> Collected material:
§ §

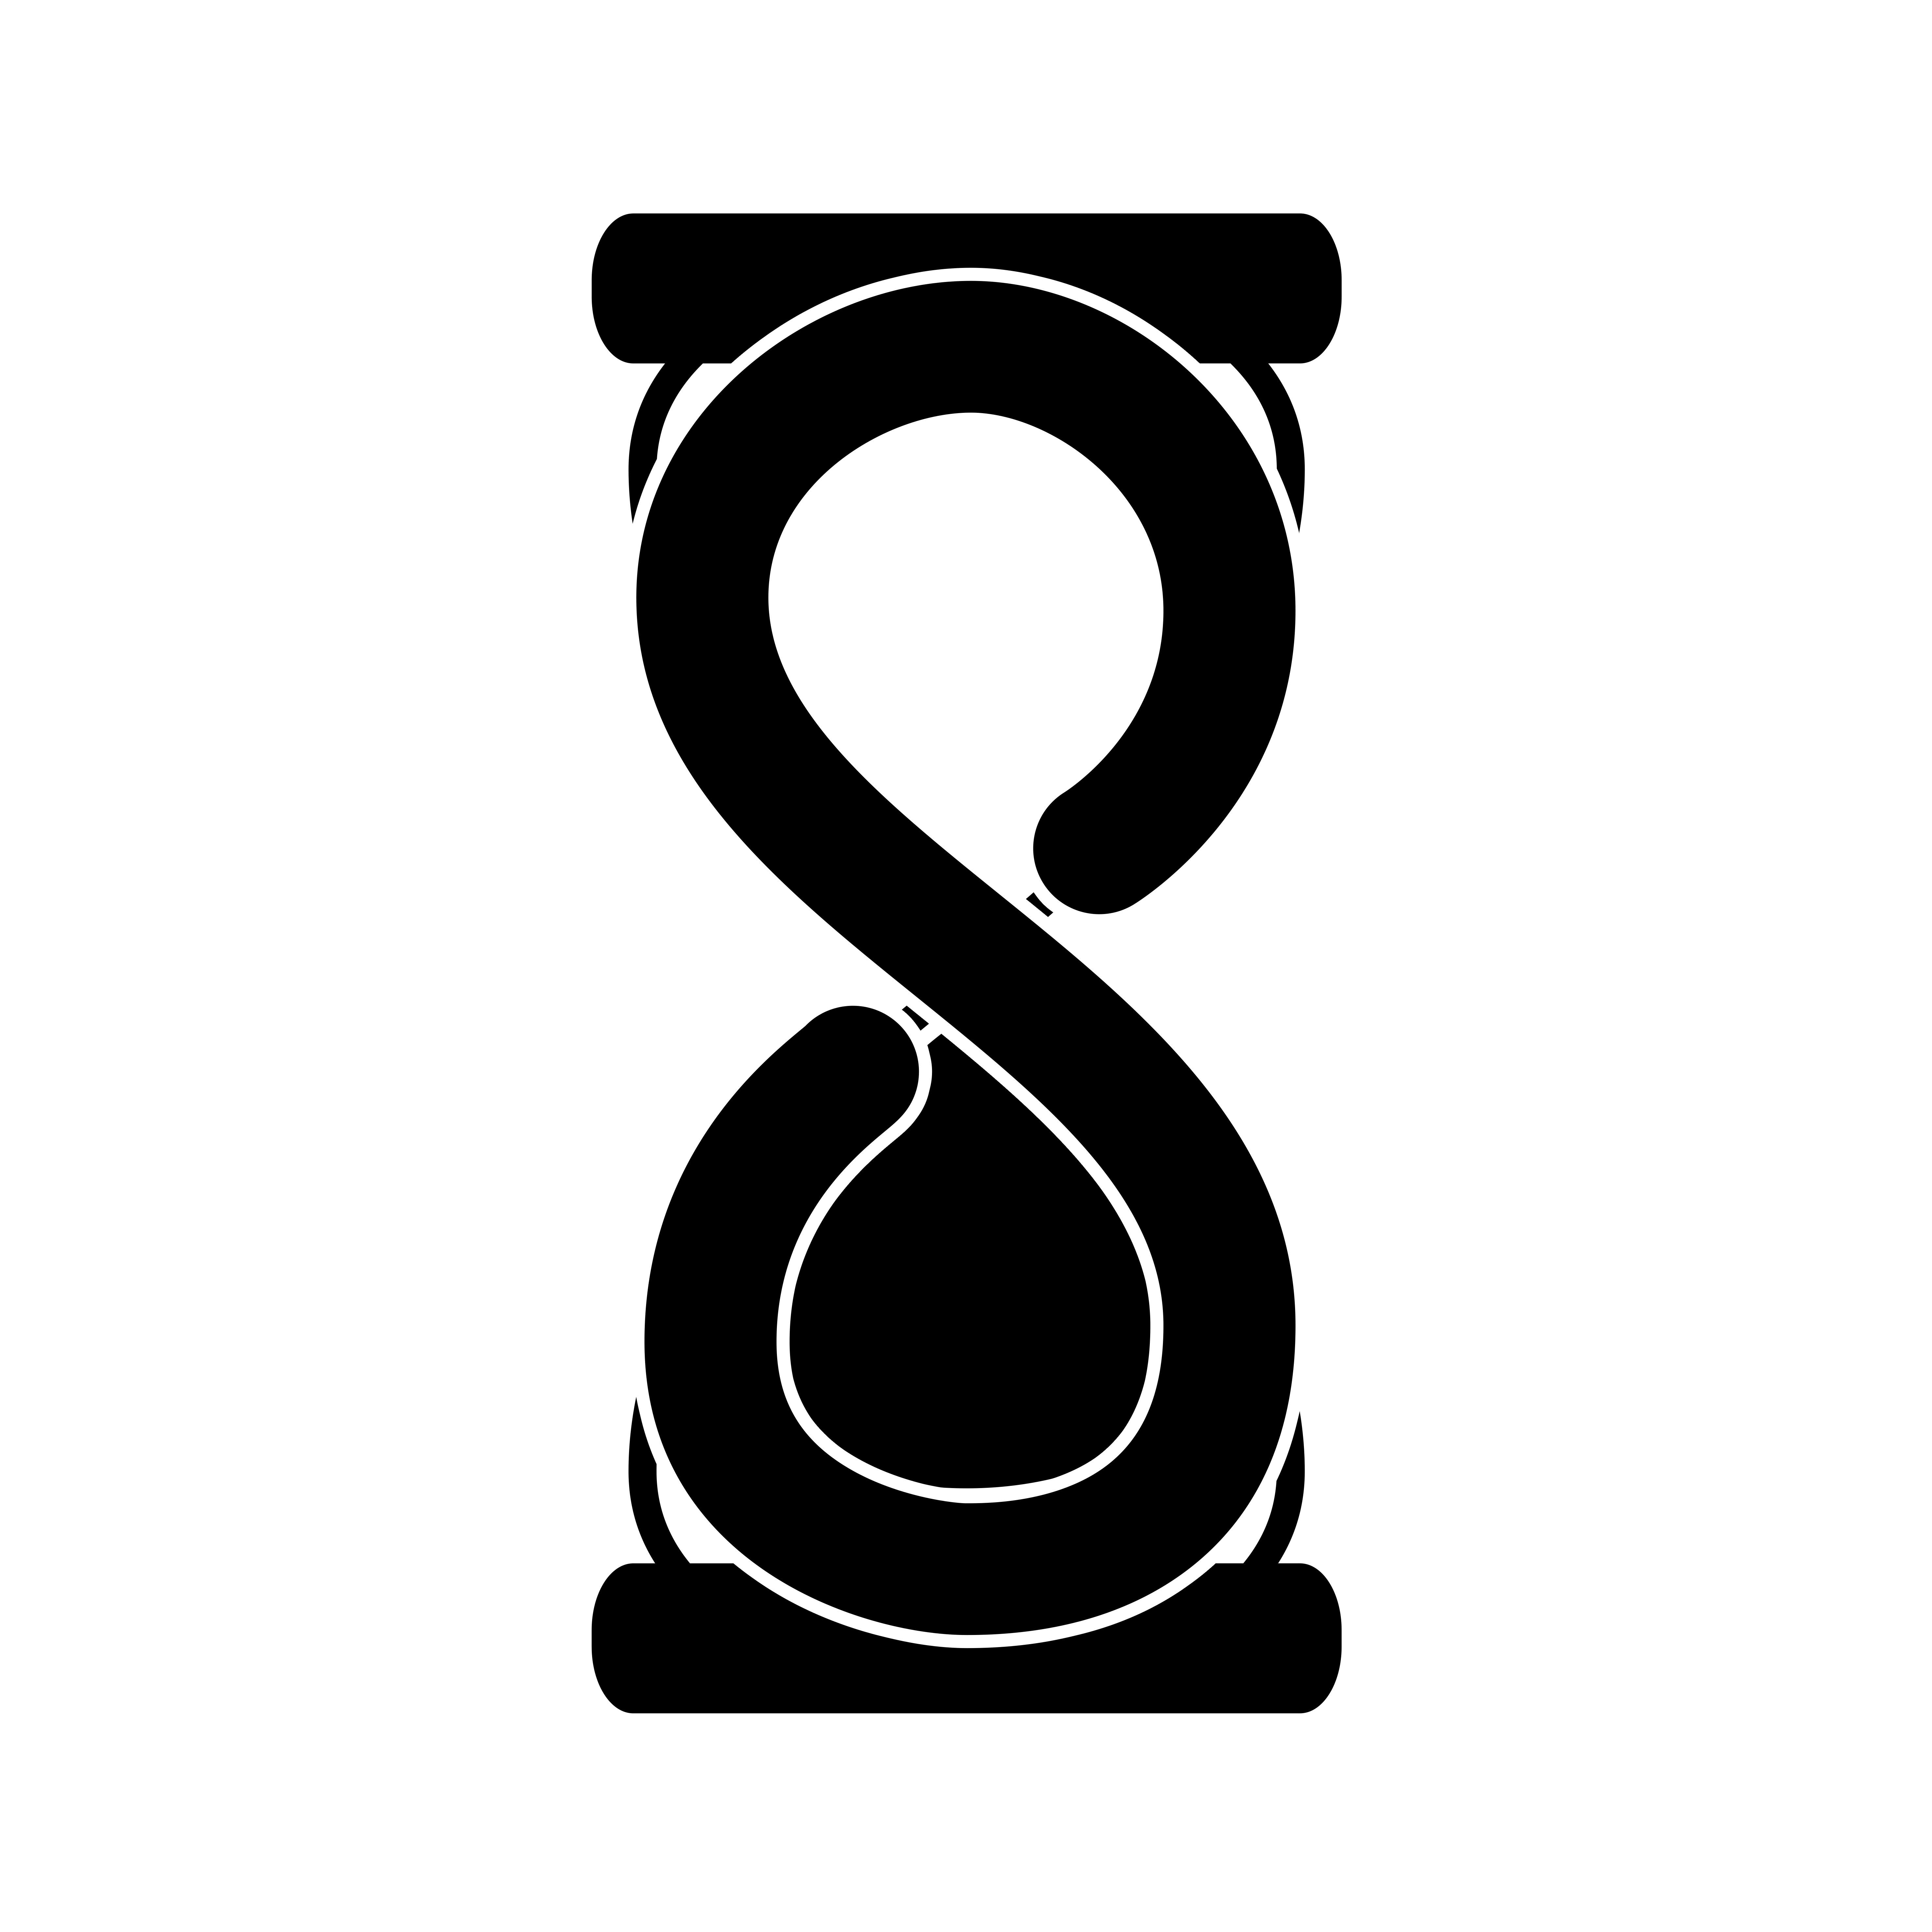 Analogous i decided to choose a harmonious the atomic symbol biocorpaavc Gallery
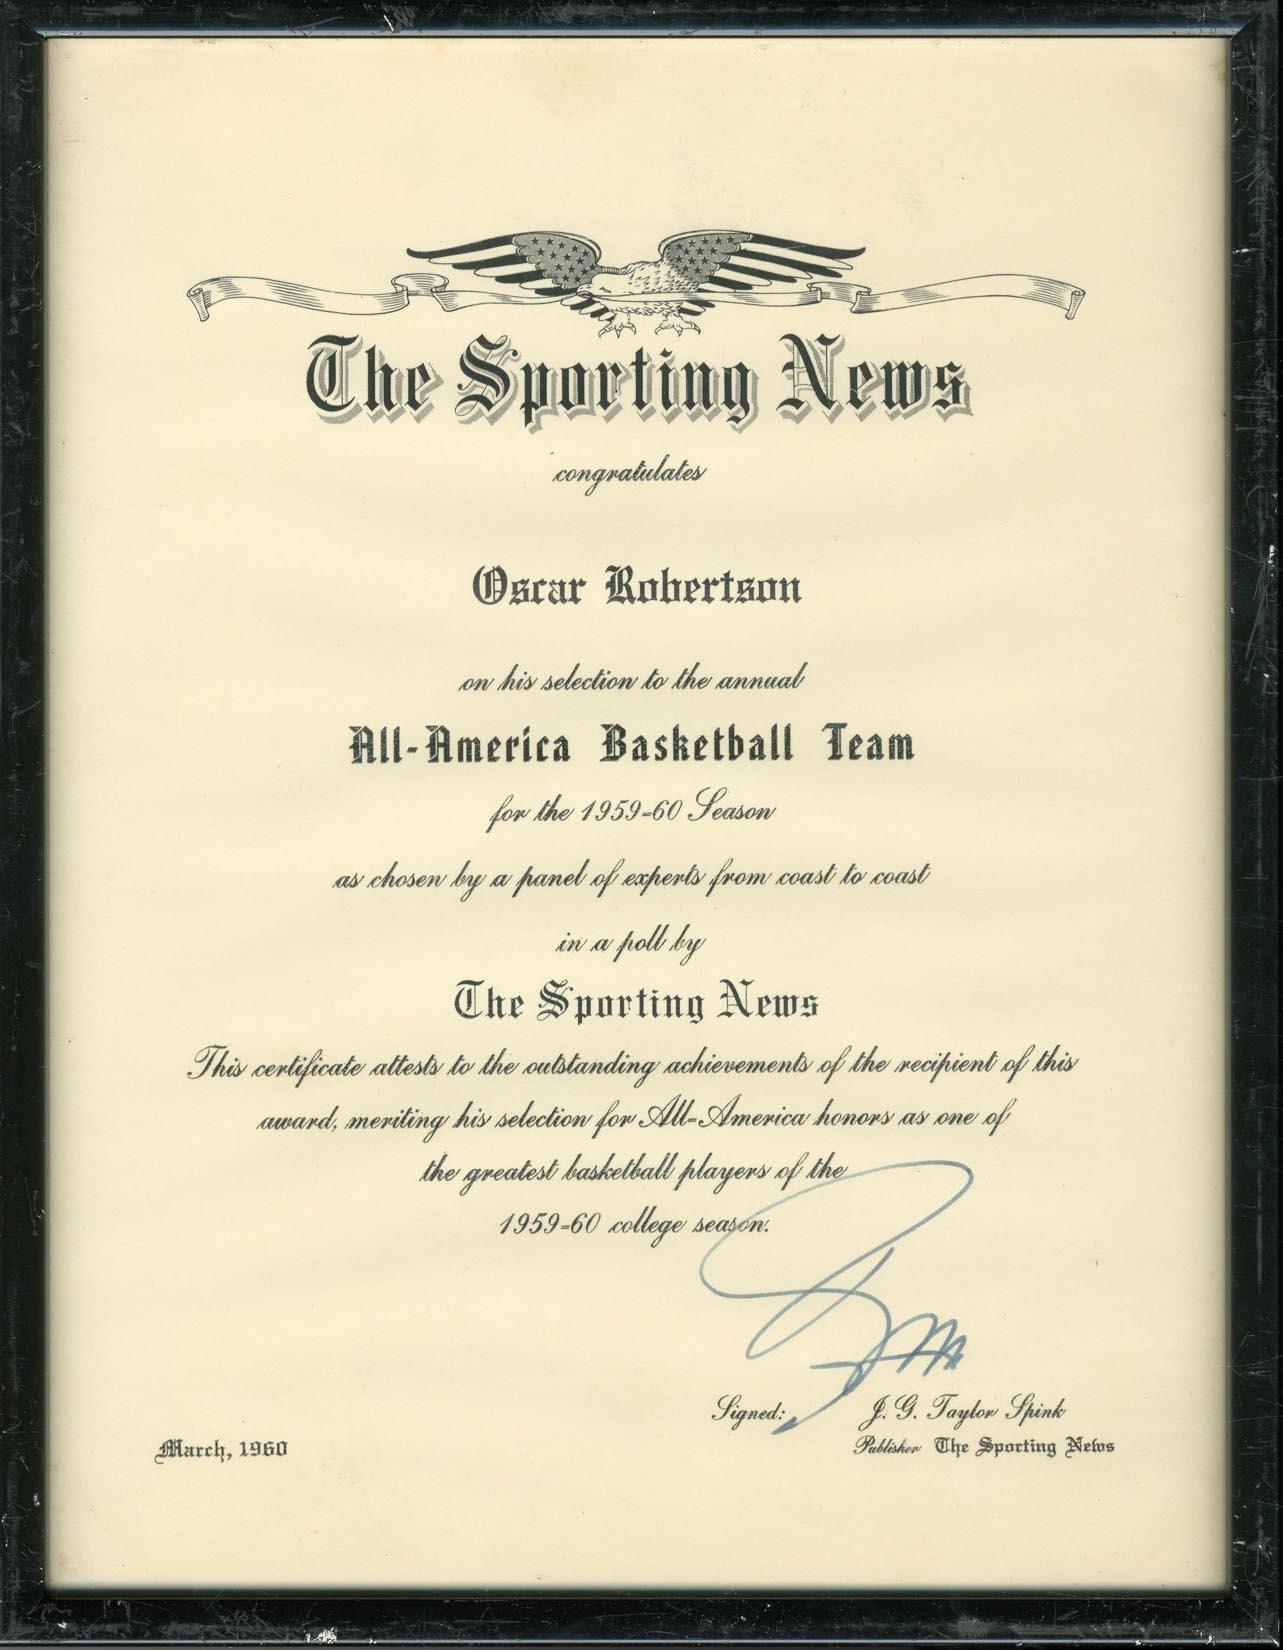 The Oscar Robertson Collection - 2018 Invitational
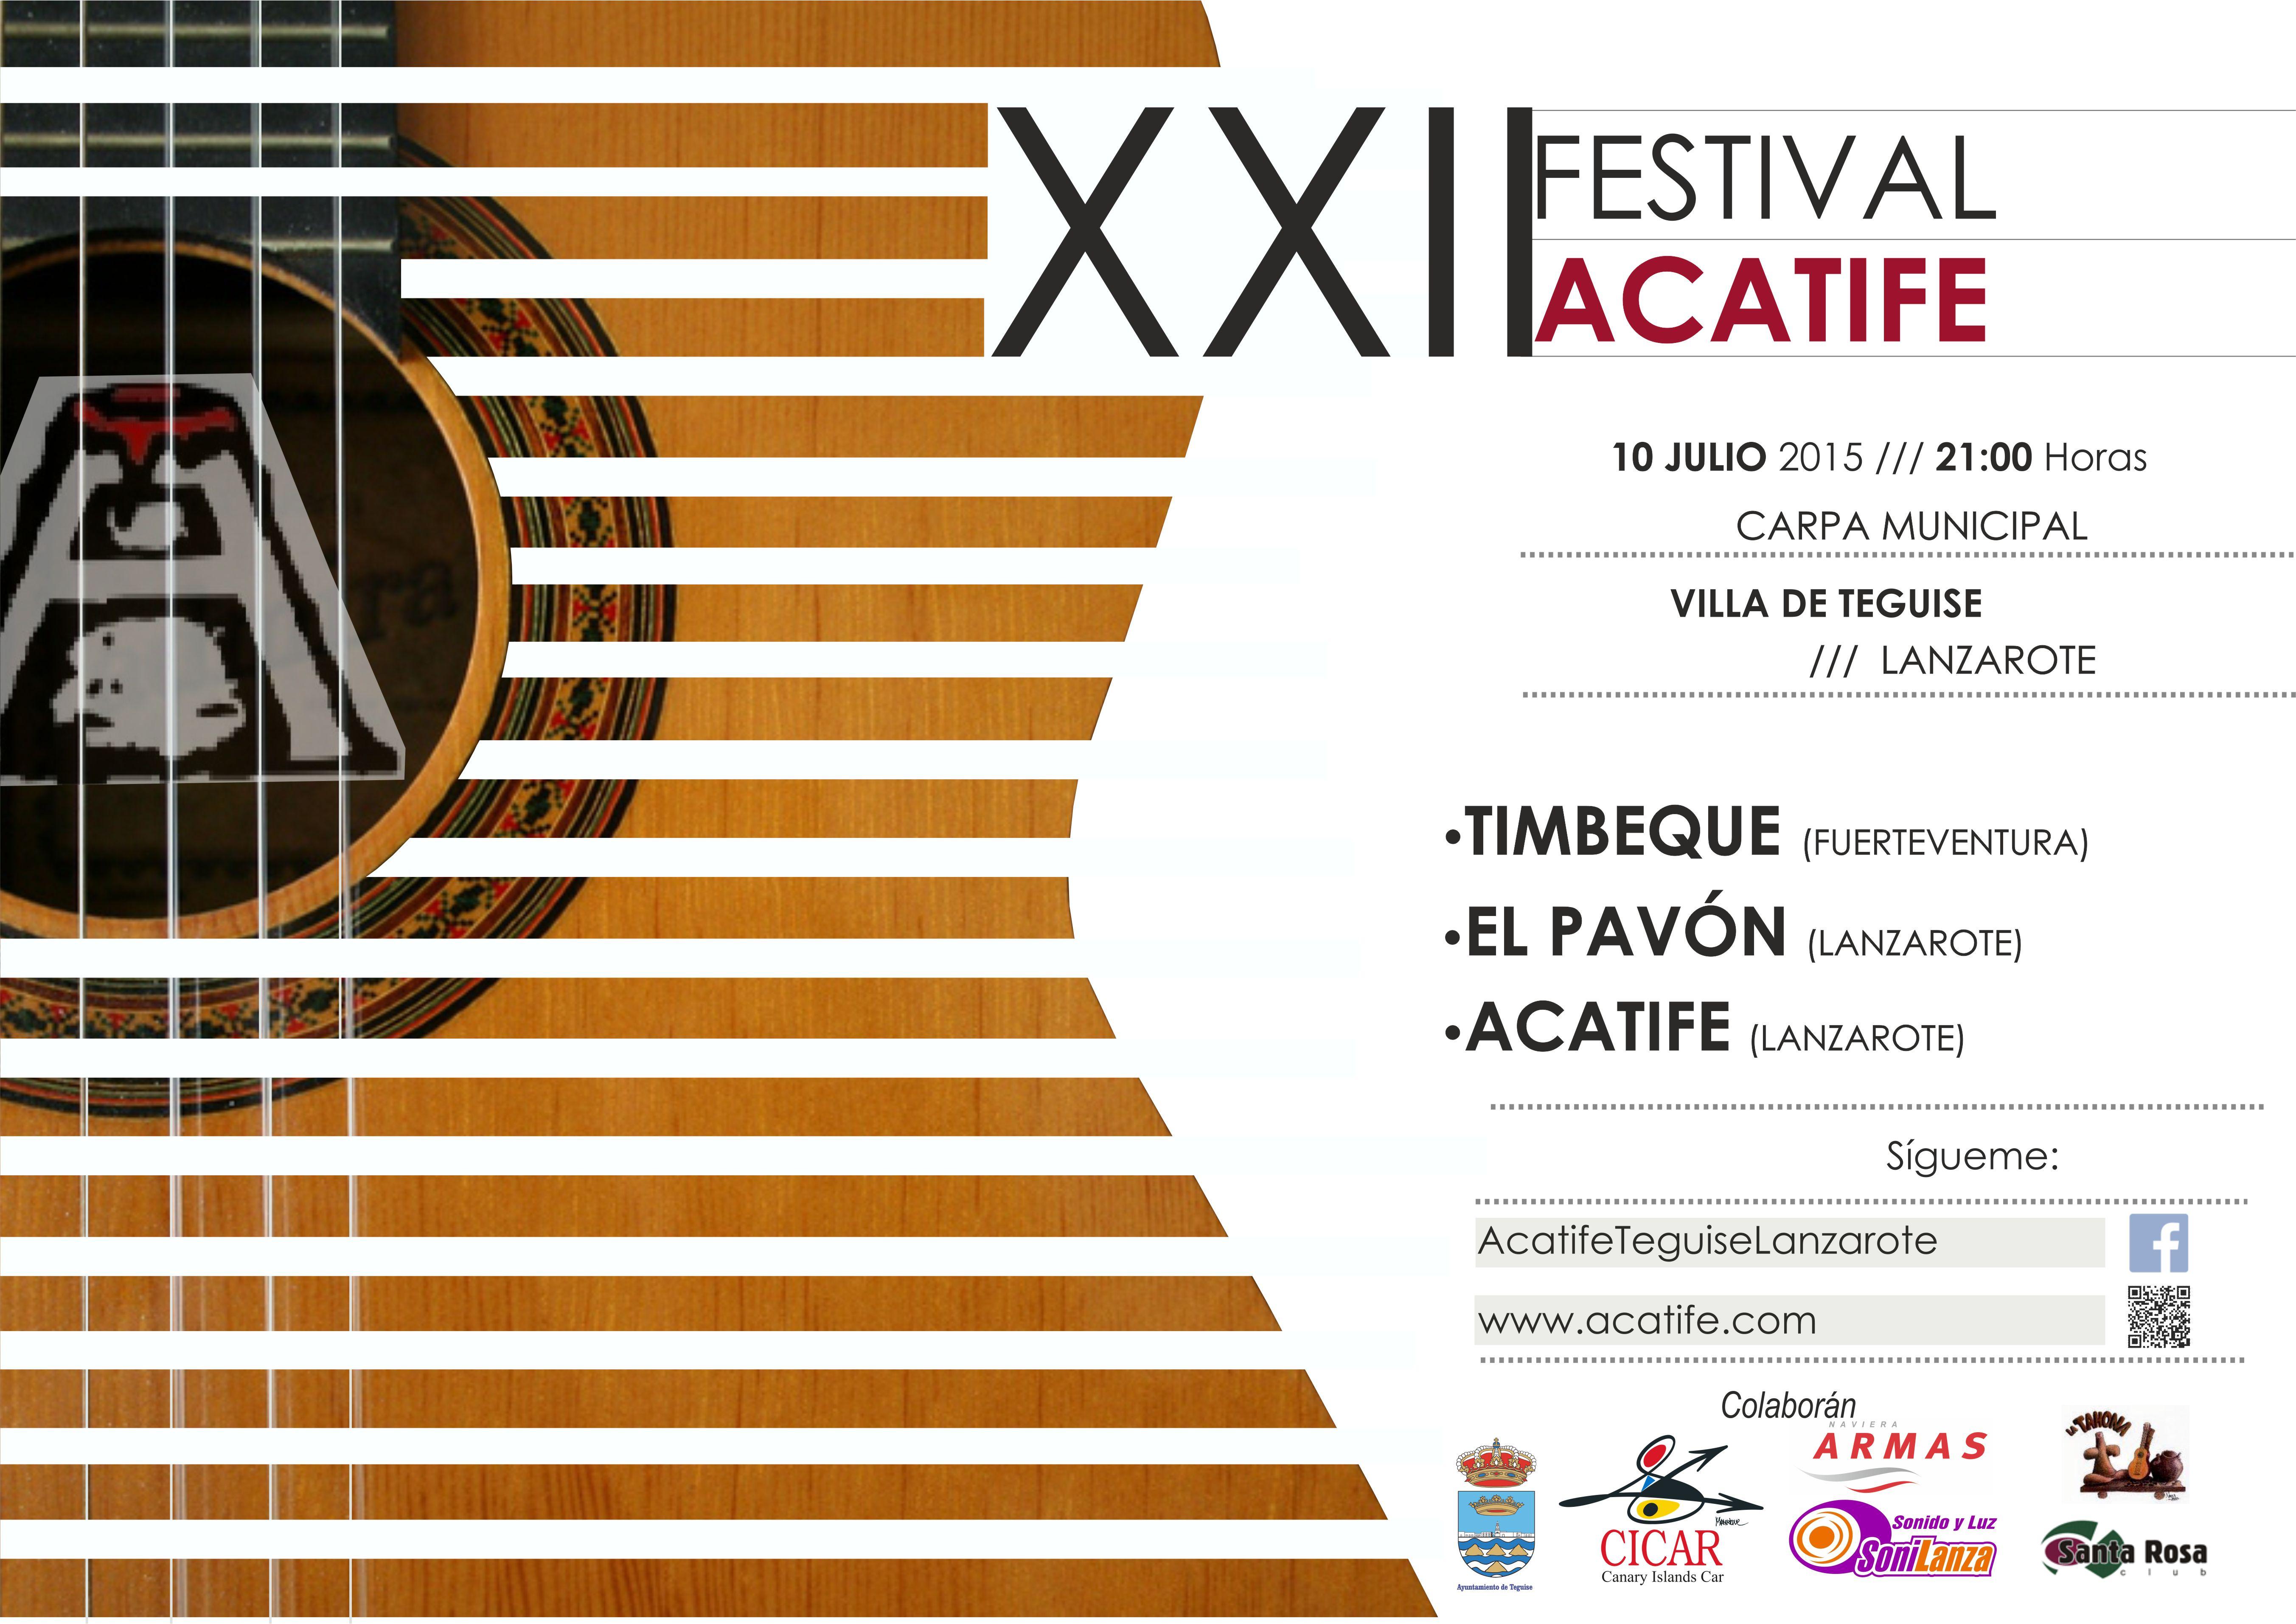 XXII Festival Acatife

§ §

> Work instruction: If the listing above includes images, copy every line of it exactly except those images.

> Solution for this problem:
 Analogous i decided to choose a harmonious the atomic symbol biocorpaavc Gallery
 The Oscar Robertson Collection - 2018 Invitational
 XXII Festival Acatife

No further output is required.